Successfully gaining strength and size from months of BBB. But now I’m thinking of trying 5s Pro because:

  • Bad left shoulder. Overhead press 50% x 10 x 5 can be too much for my shoulder sometimes. Chins, pullups, Kroc row sometimes gave me this tolerable pain too. There’s one time I have to stop lifting for a month due to my shoulder.
  • Bad left knee. Squats 50% x 10 x 5 can be too much for my knee. I tend to get tolerable pain after squats especially during cold weather and walking down stairs.

5x5 seems like the sweet spot for me.
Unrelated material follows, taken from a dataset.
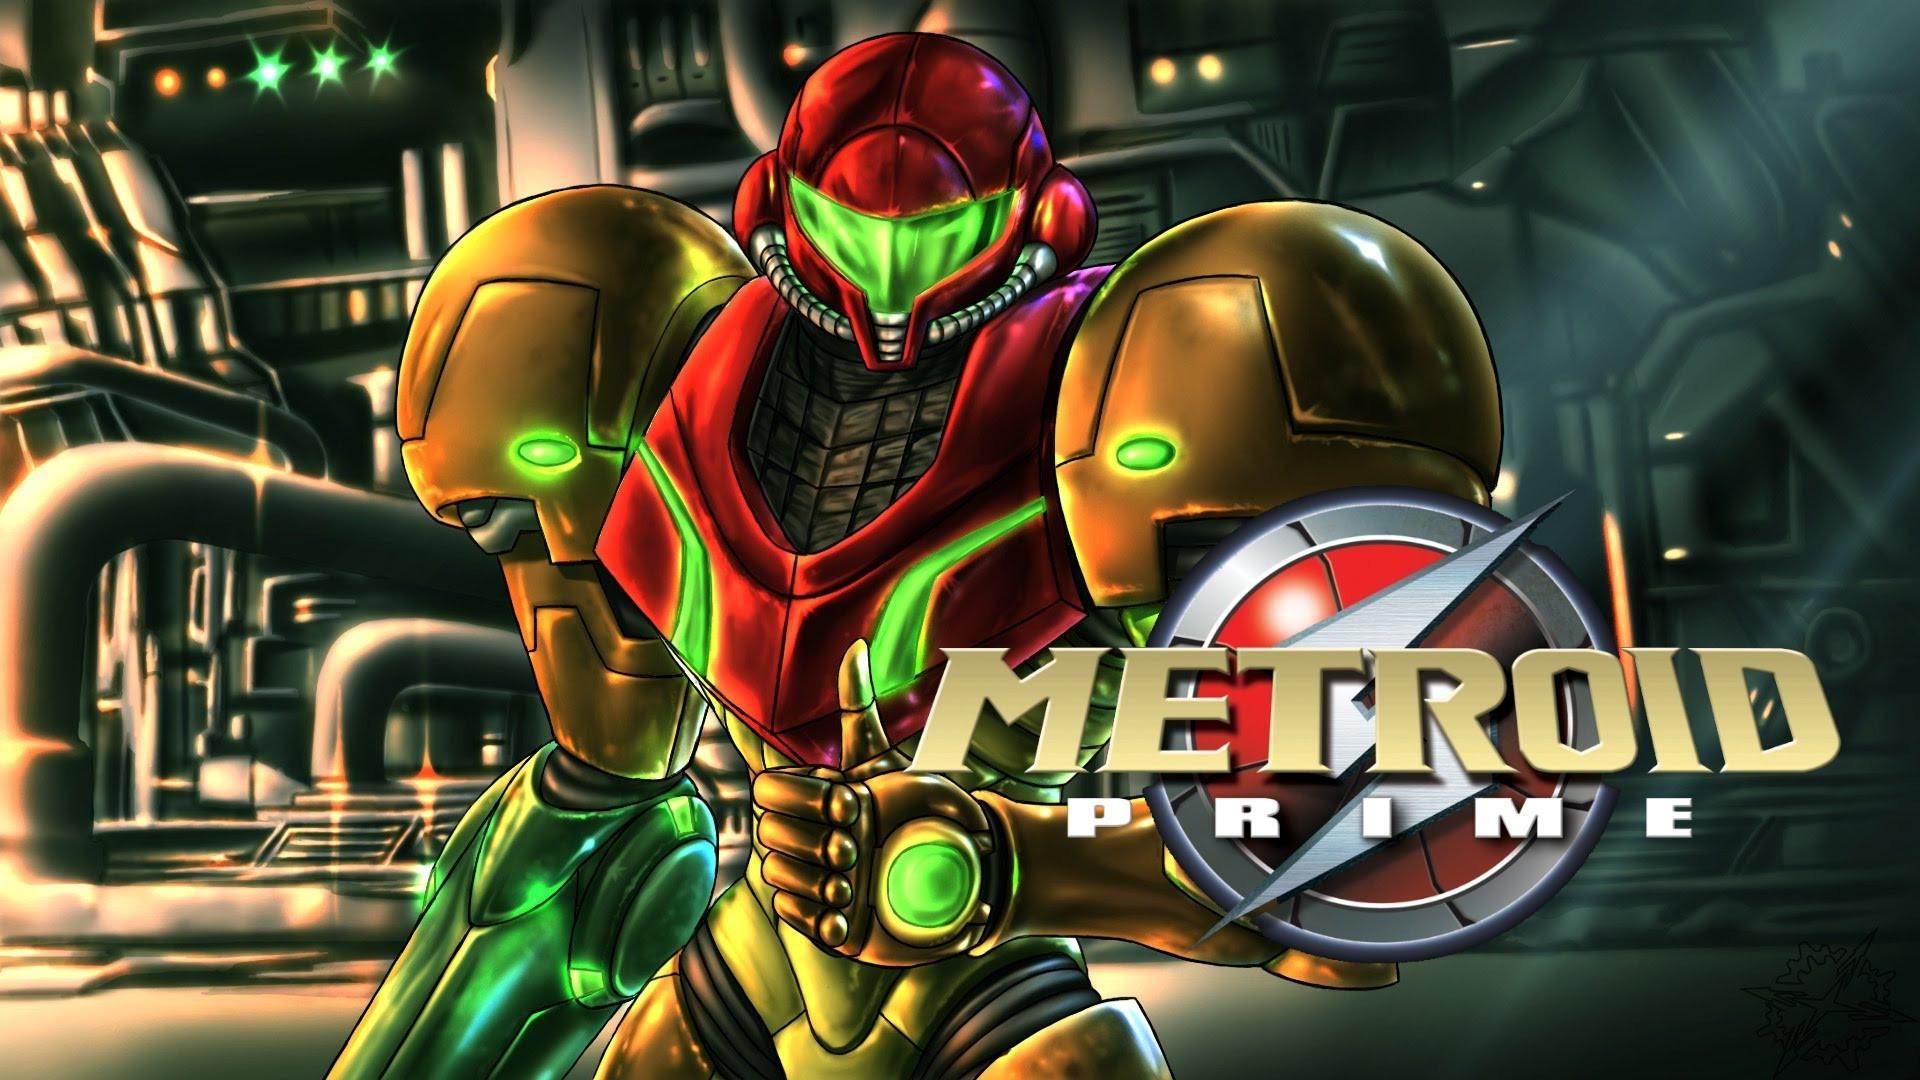 Metroid Prime PC Version Free Download

I’m the kind that love to superset my warm up, main lift and FSL 5x5 with assistance lift to save time. I train just to be strong and healthy, so PR isn’t something that bothered me. Since brisk walk is my only choice for conditioning, I walk at flat ground and running uphill 3 to 5km in the morning, Agile 8 and steps jump x 10 everyday. I don’t have jump box at home so I jump on steps as alternative.

Thinking of training setup as below:

Bench press 5s Pro
FSL 5x5
Dumbbell snatch x 10 x 5
Incline dumbbell press x 10 x 5
Dumbbell shrug x 10 x 5

Squat 5s Pro
FSL 5x5
Ab-wheel rollout x 10 x 5
Yates row x 10 x 5
Dumbbell bench press x 10 x 5

Overhead press 5s Pro
FSL 5x5
Single leg box squat/ single leg deadlift x 10 x 5
Close grip bench press x 10 x 5
Biceps dumbbell curl x 10 x 5

Deadlift 5s Pro
FSL 5x5
Good morning x 10 x 5
Incline dumbbell press x 10 x 5
Dumbbell row x 10 x 5

Can this routine get your seal of approval?
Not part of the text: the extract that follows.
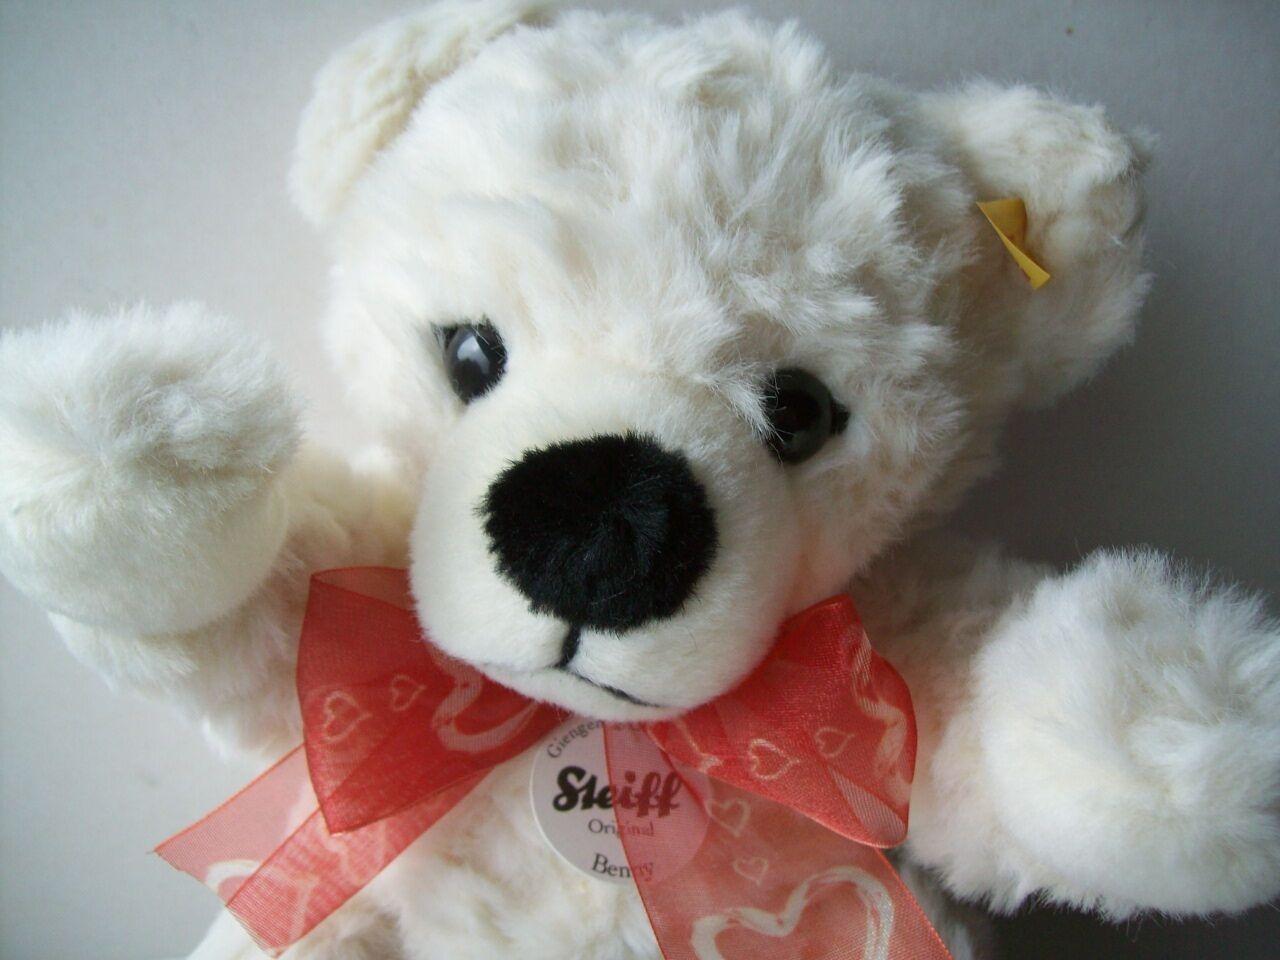 Cm Steiff Bear Teddy Stuffed Bear Teddy Animal Benny 28 exCWrdBo

Another thing. Due to the newborn baby I planned to spend more time with family. Any suggestion for 3 days template where I can hit all main lift on Monday, Wednesday, and Friday? Or should I just stay with 3 days a week like in the 2nd Edition?

1000% awesome.

Sorry but may I know what’s with the awesomeness? It’s that not doable?

It’s a 3-day template that hits all of the major lifts.
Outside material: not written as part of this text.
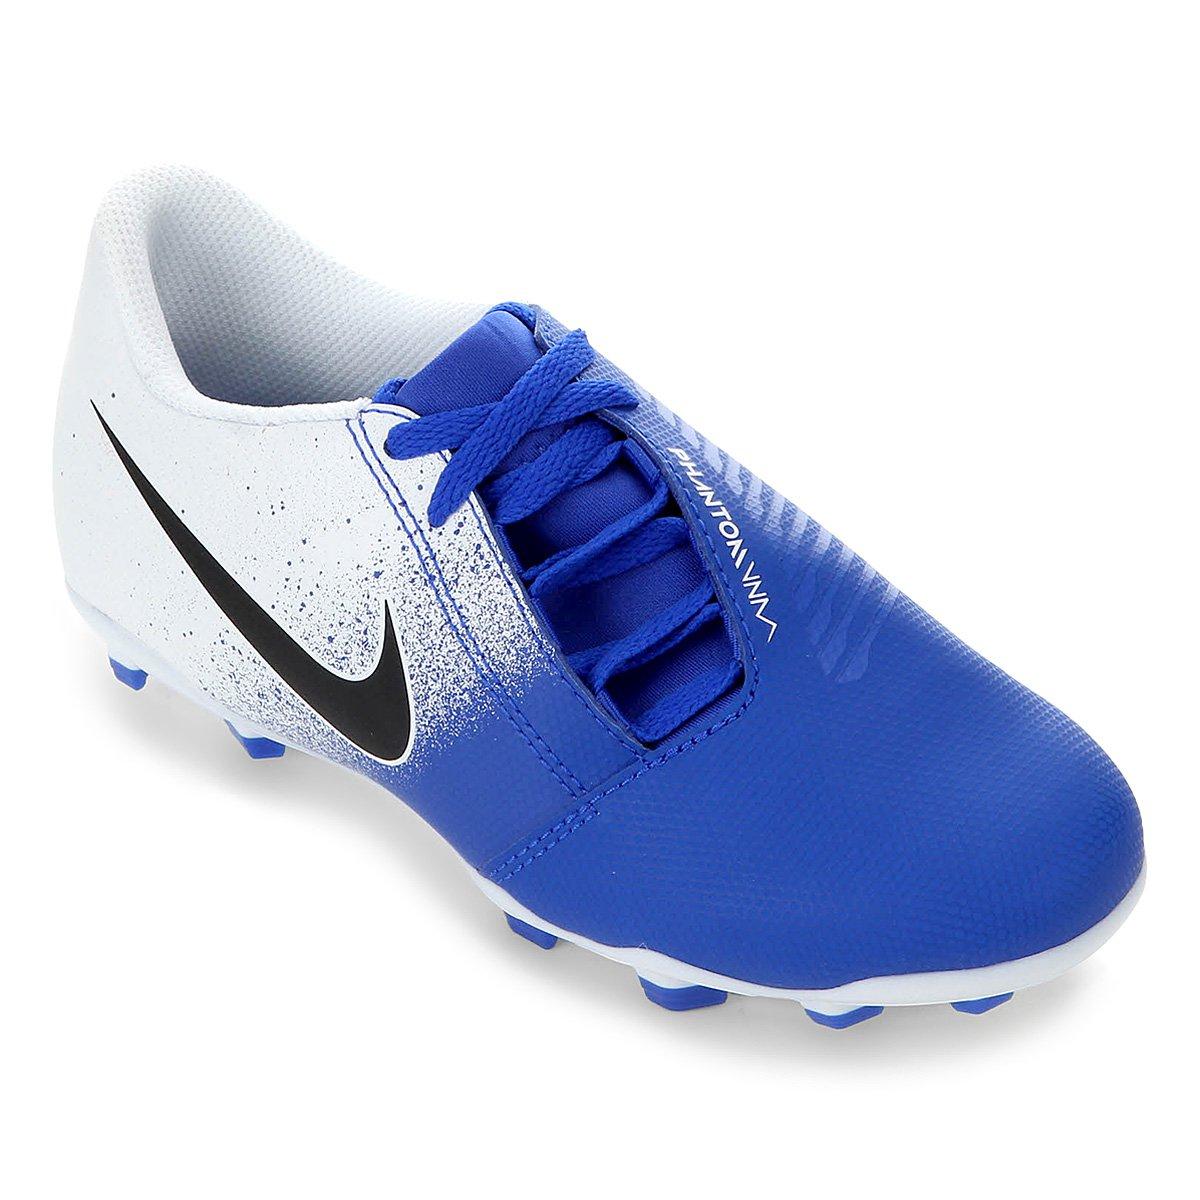 d97e96e394 Chuteira Campo Infantil Nike Phantom Venom Club FG - Branco e Azul ...

You mean choose from the 11 “Training Templates for Beyond 5/3/1 Training Program” at page 40?

I’m not sure what you’re talking about. It’s one of the templates in the Forever book. I don’t remember what page it’s on.

It might have been in beyond. I don’t remember.

Thank you, and no wonder. I don’t have the Forever yet because the shipping to Asia is very expensive. I guess not much choice then. BTW, is my 4 days template is okay?

Ya, it’s not in beyond I just checked. It’s sorta similar to full body, full boring, but you don’t deadlift every day and you press as well.

I don’t like to comment on templates people create themselves.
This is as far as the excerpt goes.